It takes a while to get back on our feet, but by mid-afternoon we are out the door again in search of Bob Dylan tickets for tonight. On the way to the Tower Records Ticketmaster emporium, we sit in on the lively Dr Eric's street show, involving mostly fire-breathing tricks and stomping around on some glass. Dr Eric is a young, spiky-red-dyed-haired guy with a handlebar nosering who frequently refers to himself as "95 pounds of FURY!!!" He pulls a charmingly embarrassed biker chick into his act, as well as a somewhat larger gentlemen who later stands on Eric's stomach while the good Doctor is laying down on some glass. Neat. I tip Dr. Eric.

Two things are discovered at the Ticketmaster booth; first, Lucinda Williams will open for Dylan tonight. Tj seems happy about this. Second, a few tickets have opened up in the fourth row just minutes ago, and we can snag them for $60 each. Great squared.

Dinner; Caesar salad and some fries. The head and heart say "BBQ Oyster platter!!!" but the stomach is not going there today.

The Dylan concert is astoundingly good. I recognize only a few tunes, and Bob isn't really singing the words, but it is like Mom's quote about the Andres Segovia guitar concert; "Even though he is missing some of the notes, you know that he knows where they are supposed to be." I am hopelessly entertained by Dylan's ham-fisted yet appropriate honky-tonk piano playing display, which he has apparently been featuring almost to the exclusion of guitar in recent months. His backup band is extraordinary, it is fascinating to watch the drummer, saxophonist, 2 guitarists and electric bassist all watching Bob intently, trying to figure out where and when the next chord will sound, and finally carrying off chorus after chorus exquisitely. This must be stressful for them, since it often appears their leader is paying no attention to them, making no signals for soloists, no indication of which verse he may sing next (Tj informs me he is singing the words to the wrong song on one) or what the tempo or character of the music should be. This is not an awkward or uncomfortable experience for the audience, however; in his own way, it is clear Bob is in complete, gleeful control over every note played on that stage, and he willfully allows chaos and surprise to reign in place of any mediocre rehash of his Greatest Hits.
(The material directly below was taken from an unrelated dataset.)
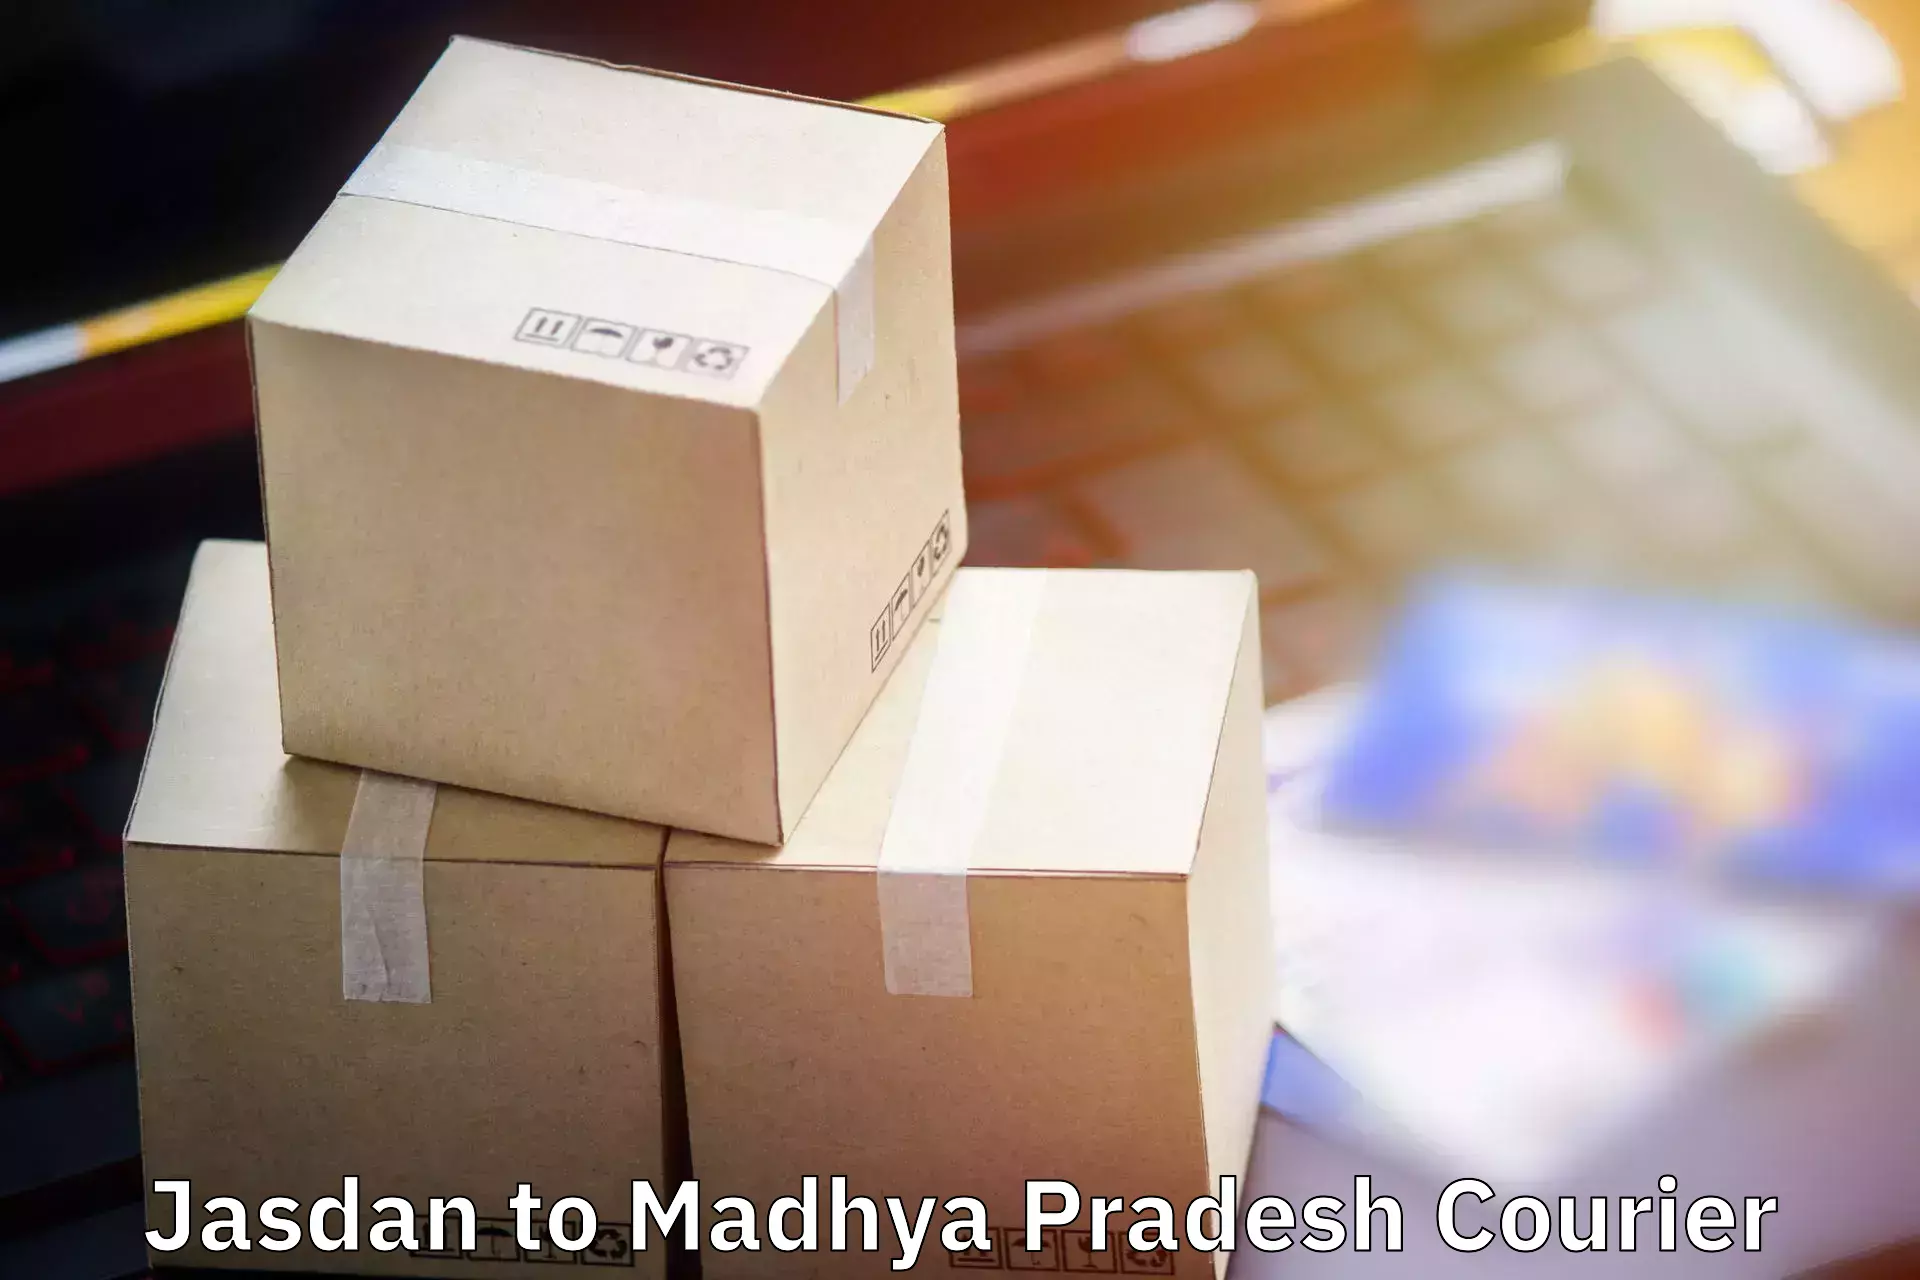 Personal effects shipping Jasdan to Jirapur

From the very intoxicated row behind us come shouts of "TAMBOOURIIINE MANNN!!! YO! HEY BOB!!! You want me to go up there and kick his ass, honey!?!?? I'm going to go up there and kick his ass! TAMBOOURIIINE MAAANNNNNNN, YO!!!!!! SING IT! I'm going to kick his ass." Bob was playing a lot of newer and more obscure stuff.

Day 5, Sunday-
Sweet, sweet non-hungover Sunday. Almost makes you want to go to church.
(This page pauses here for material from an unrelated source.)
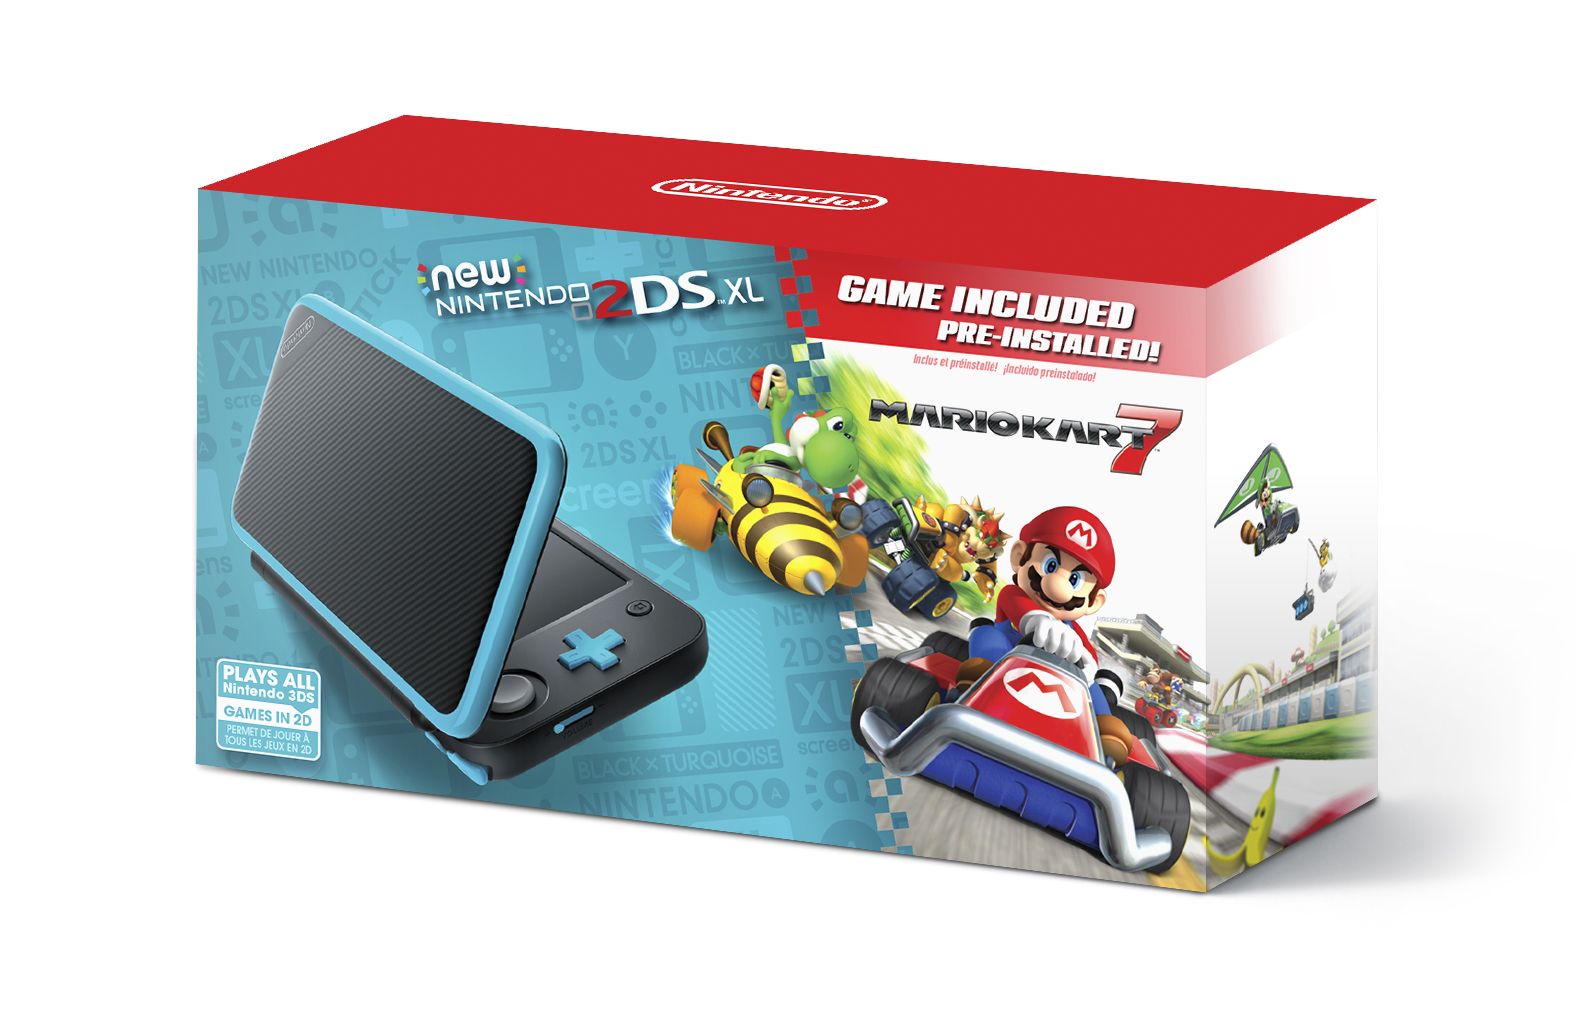 New Nintendo 2DS XL System w/ Mario Kart 7 Pre-installed, Black & Turquoise - image 2 of 6

I hit the internet cafe for some Samology updates, Tj pokes around a couple record stores.

We opt for the French Quarter Ghost Tour around 8pm. Booooooring. Our tour guide practically reads from a script, and is clearly not entirely enthusiastic about her chosen career. Despite numerous references to her "extensive research into these bizarre phenomenon in the New Orleans archives," it is eventually revealed she moved here from Iowa about 6 months ago. I am nearly forced to buy an $8 shot of Absinthe from a bar halfway through the tour just to keep my focus. The best part is a bathroom break at a quiet pub where I destroy the high score on a Stern Playboy Centerfold pinball machine, and Tj gets to freshen up with what is fast becoming his trademark beverage, a Whiskey Sour.
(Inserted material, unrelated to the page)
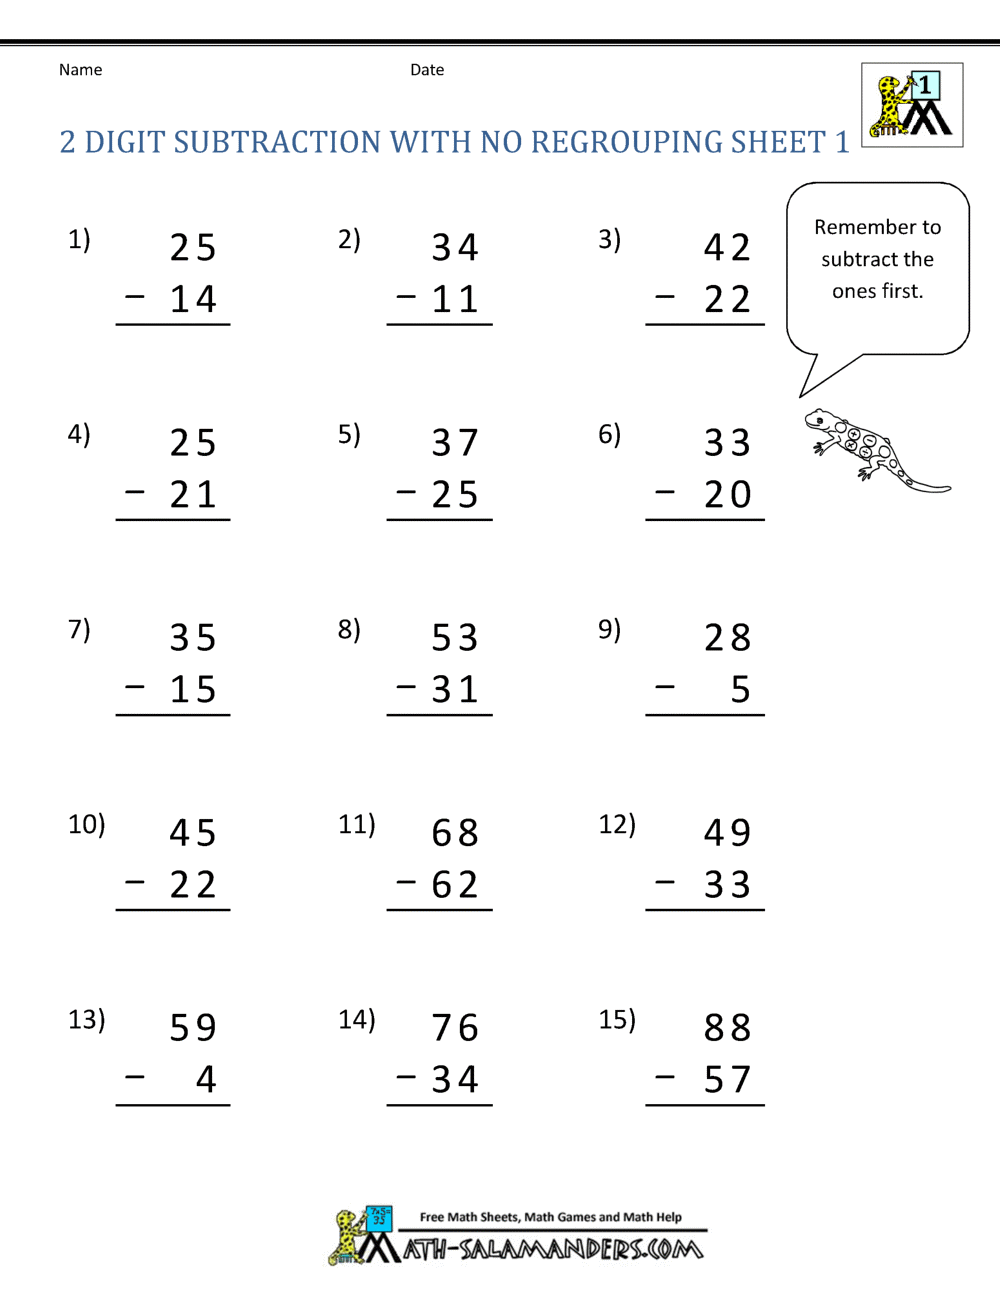 subtraction-with-and-without-regrouping-worksheets-worksheetscity

Feeling cheated by the tour experience, we decide to scout around for inexpensive libation. Halfway down one block I exclaim "Huzzah! Eureka and Serendipity!" It is the bar I have been seeking to revisit ever since a certain wise English lad introduced me to it last year. Apparently it is not on a corner, as I had thought, but dead in the middle of the block which is why I had trouble finding it. Flanagan's sells beer for $2 a bottle and mixed drinks for $3, and the pool table is only 50 cents instead of a dollar. Them is killer rates these days. Later in the evening I overhear the bartender girl extolling Flanagan's further virtues; "401k plan, profit sharing and better health benefits than my boyfriend who works at a hospital; why would I work anywhere else?" Wow.

A few pool games into the evening, in stroll Susan and Lari, two of the pleasantest representatives of Washington State I have had the chance to meet. Right away they are rooting for me as I proceed to vanquish cool-handed hipster Vincent with his girlfriend looking on all along. Sorry about that Vince, but I couldn't just throw the game at that particular point, you see what I am saying.

Eventually Tj and I settle down into doubles play against S and L, tossing back booze until my game starts to get a little shaky. Tj repeatedly makes asides to me regarding his unspoiled fidelity to his girlfriend back home, so we should keep things cool with the ladies. No problem for me there, so that is how we play it.

It turns out S is in the Animal Control field, she has a funny story about trying to catch a porcupine with a blanket while police officers and pedestrians are watching. Tj jokingly inquires about emus. Without missing a beat, S describes the "emu preparedness class" she attended last month. "You have to wear a bulletproof vest, particularly if you are a woman, because they bite, hard!"

Around 4:30am we all head down to the river for a walk along the docks. S and L want to show us the sculpture they found there earlier. I voice cautious appreciation for the large metal artwork which is supposed to sway with the wind but is presently quite motionless. We finally make a date to hang out again tomorrow and head home.

Day 6, Monday-
Oy, what is it about this town and headaches in the morning? Not to mention nausea.

It is a very gay diner we finally choose for breakfast. "It's Raining Men" all over my bacon-cheese omelet, but "I Will Survive," the jukebox assures us. The menu councils "if it has been 5 minutes since you sat down and the waiter still has not taken your order, please rest assured that you may be waiting another 5."

We take it easy this afternoon. Dinnertime finds us all together at Mona's again with Dad and M, Brian and his Son. I chow down on some chicken shawarma.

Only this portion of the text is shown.